#### [Exercise aim]
The answer must be an exact transcription of the lines below from the first through the one containing "Asparagi freschi crudi", with the pictures left out; please add nothing else.

#### [Input data]
* * *

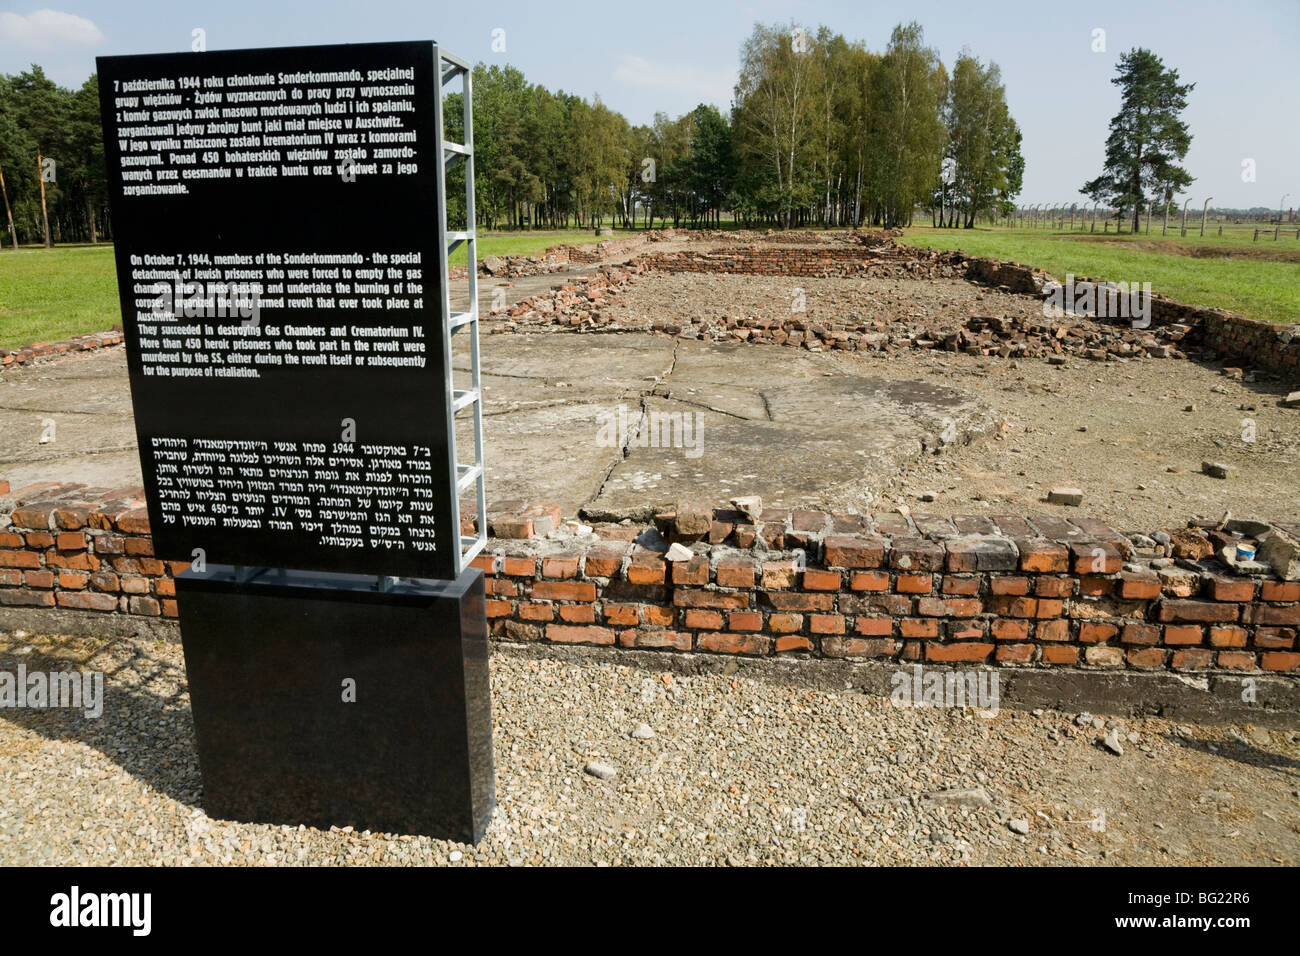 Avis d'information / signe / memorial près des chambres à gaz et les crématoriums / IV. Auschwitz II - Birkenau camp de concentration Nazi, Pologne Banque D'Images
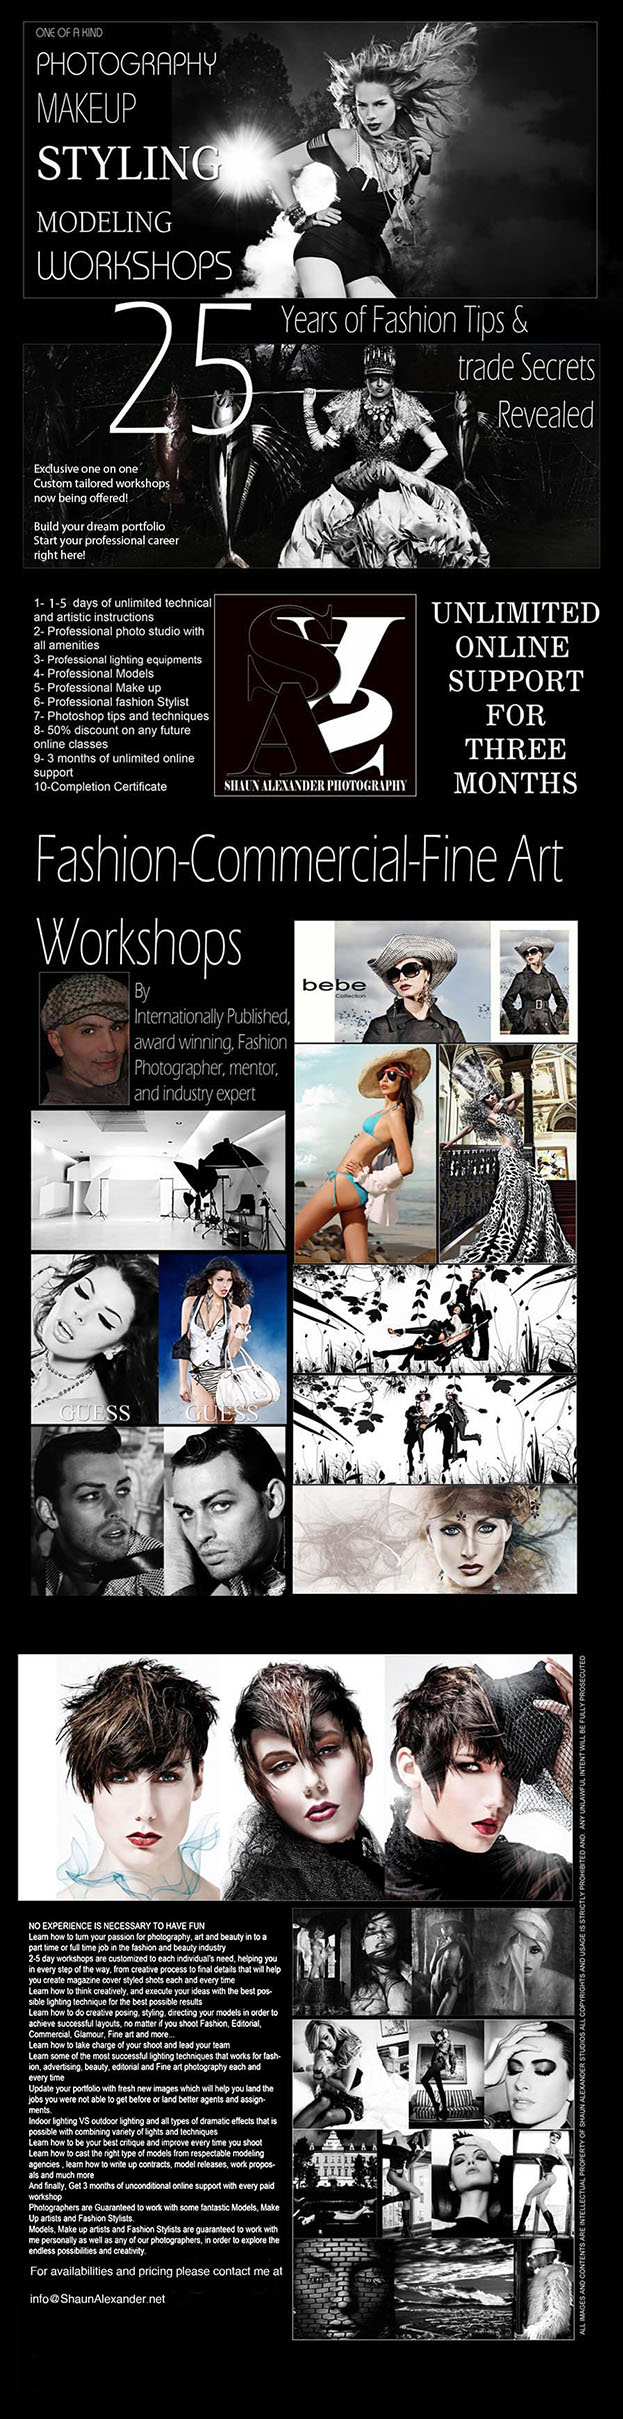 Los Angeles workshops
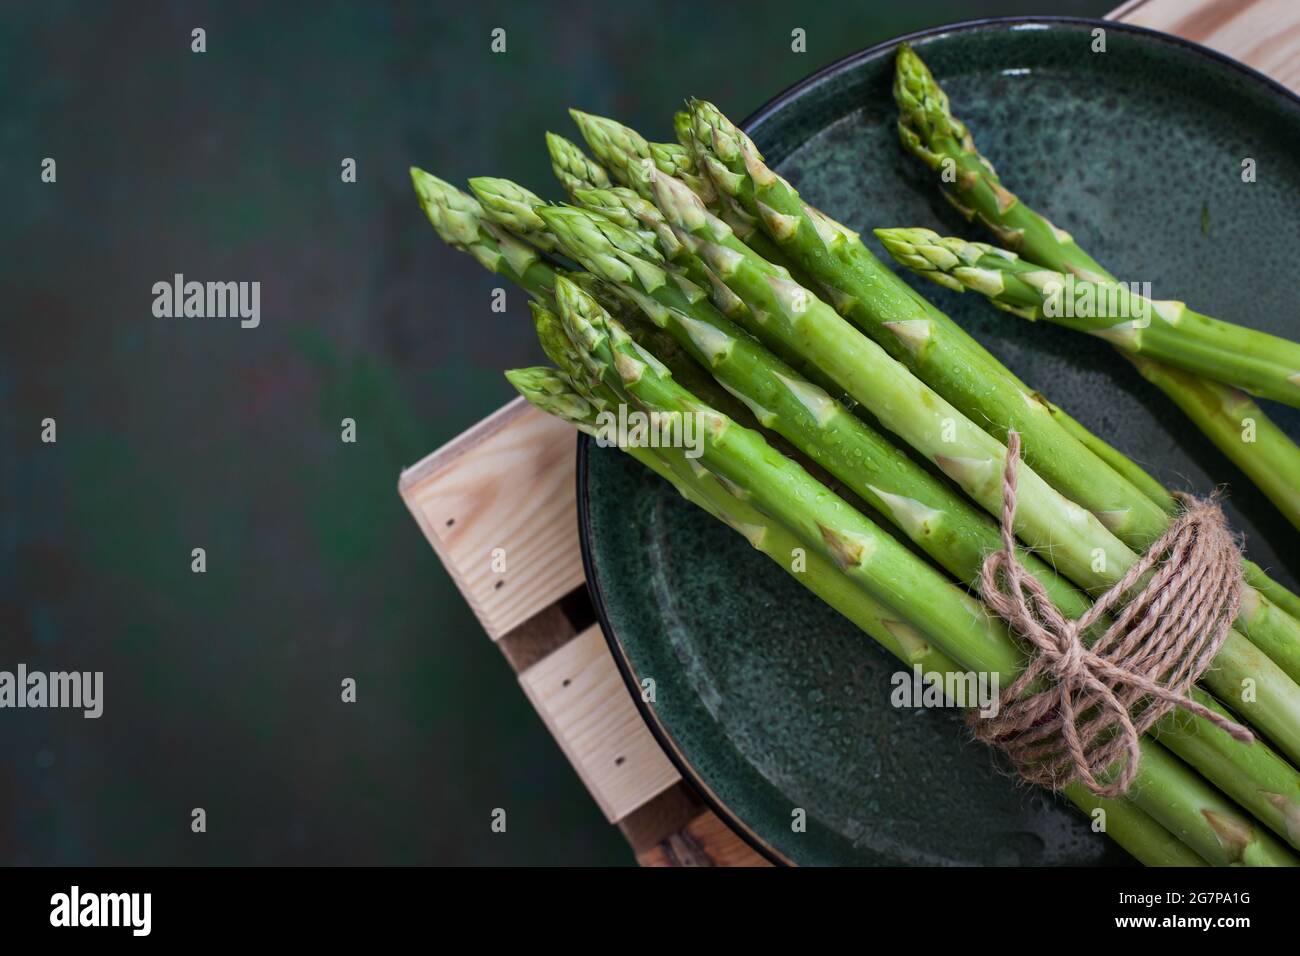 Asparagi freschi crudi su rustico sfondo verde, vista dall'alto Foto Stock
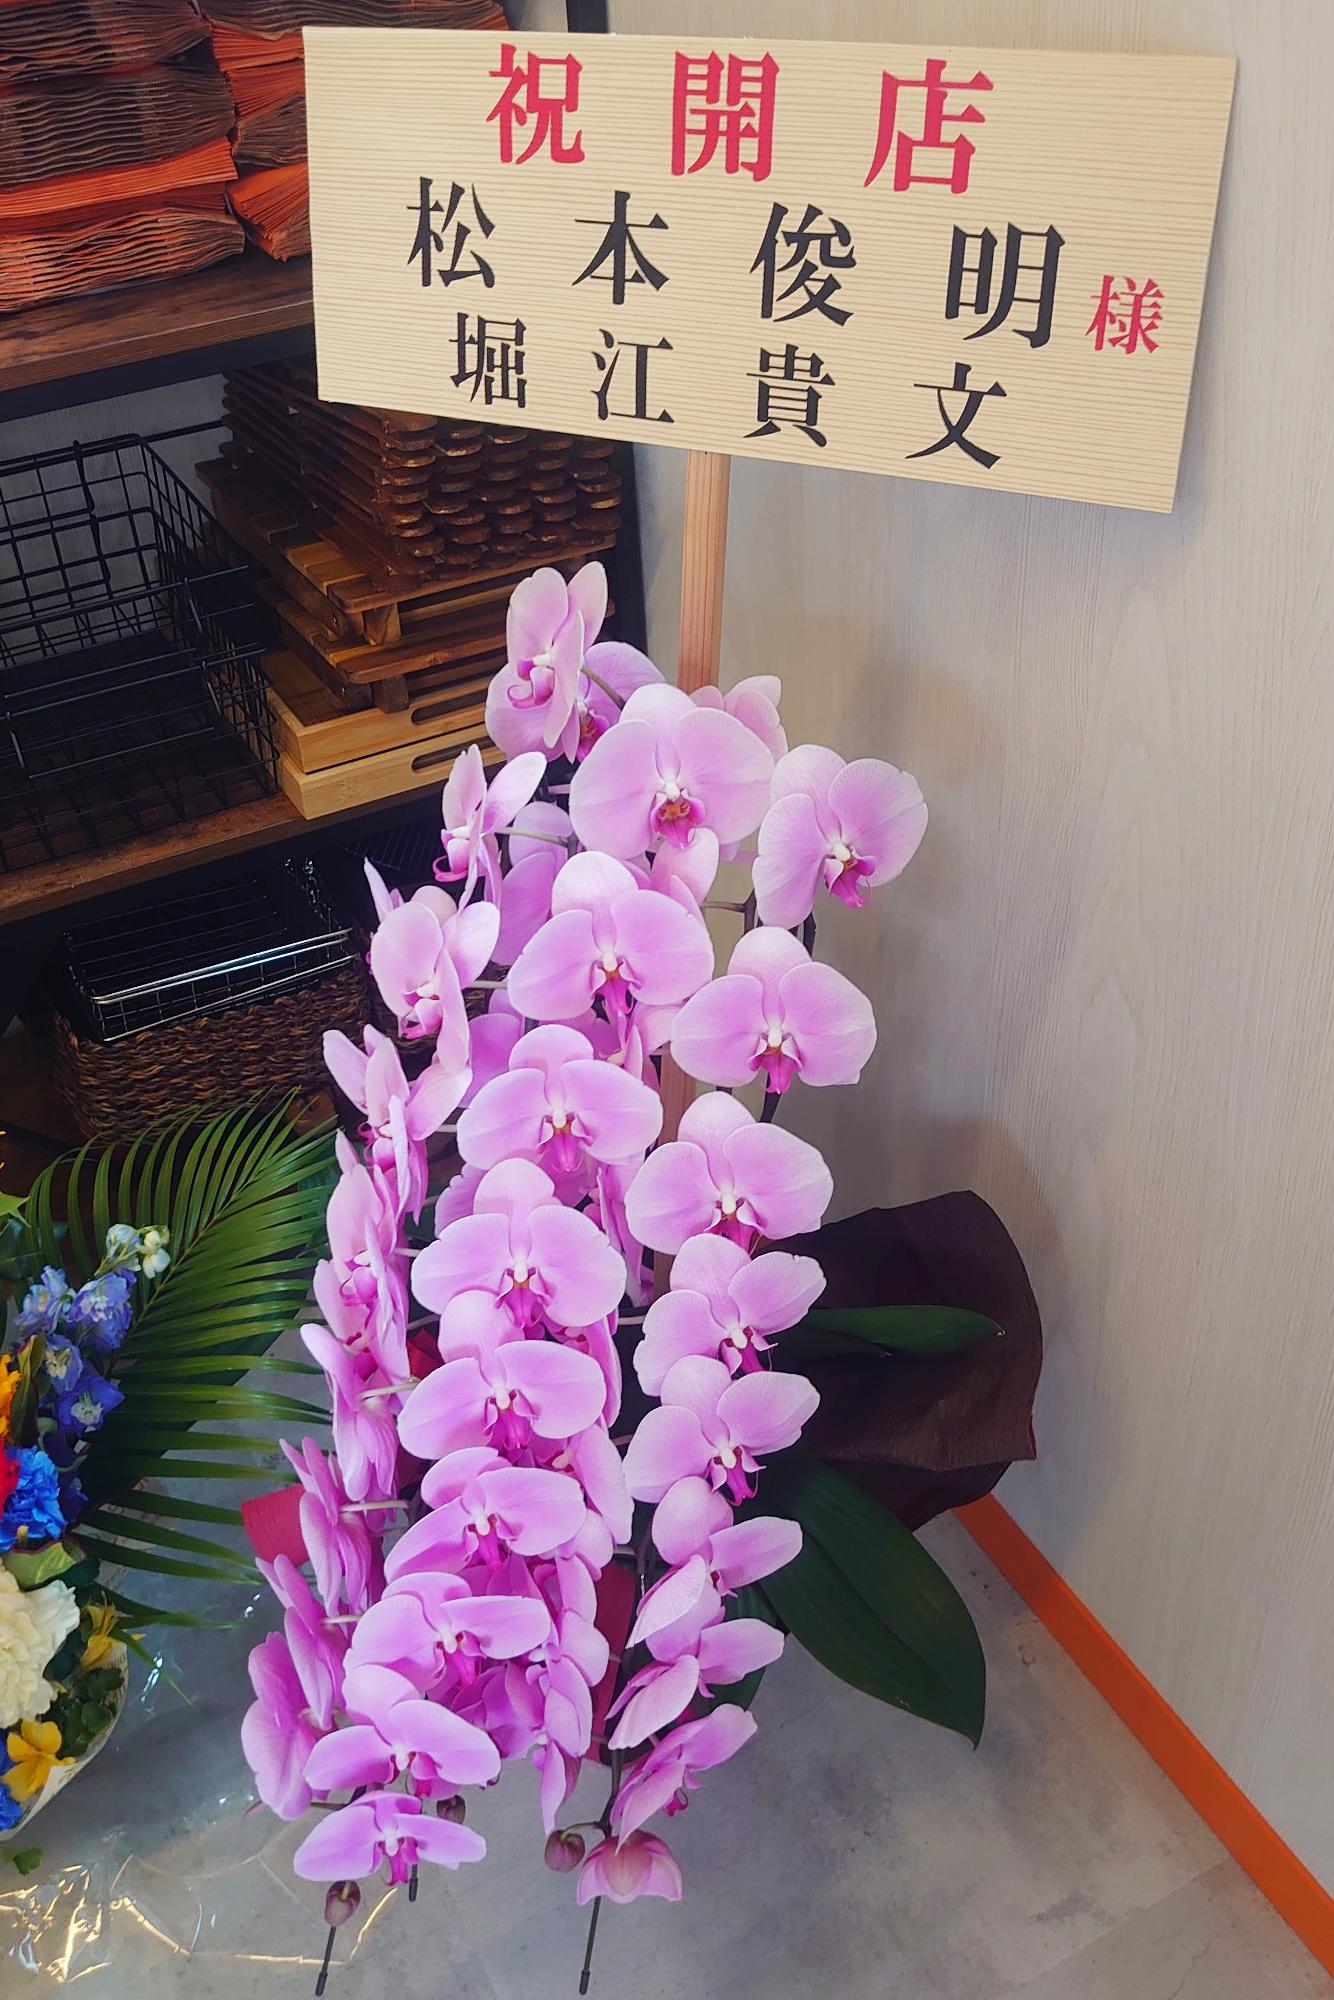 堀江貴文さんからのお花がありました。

* * *

#### [Expected output]
 Avis d'information / signe / memorial près des chambres à gaz et les crématoriums / IV. Auschwitz II - Birkenau camp de concentration Nazi, Pologne Banque D'Images
 Los Angeles workshops
 Asparagi freschi crudi su rustico sfondo verde, vista dall'alto Foto Stock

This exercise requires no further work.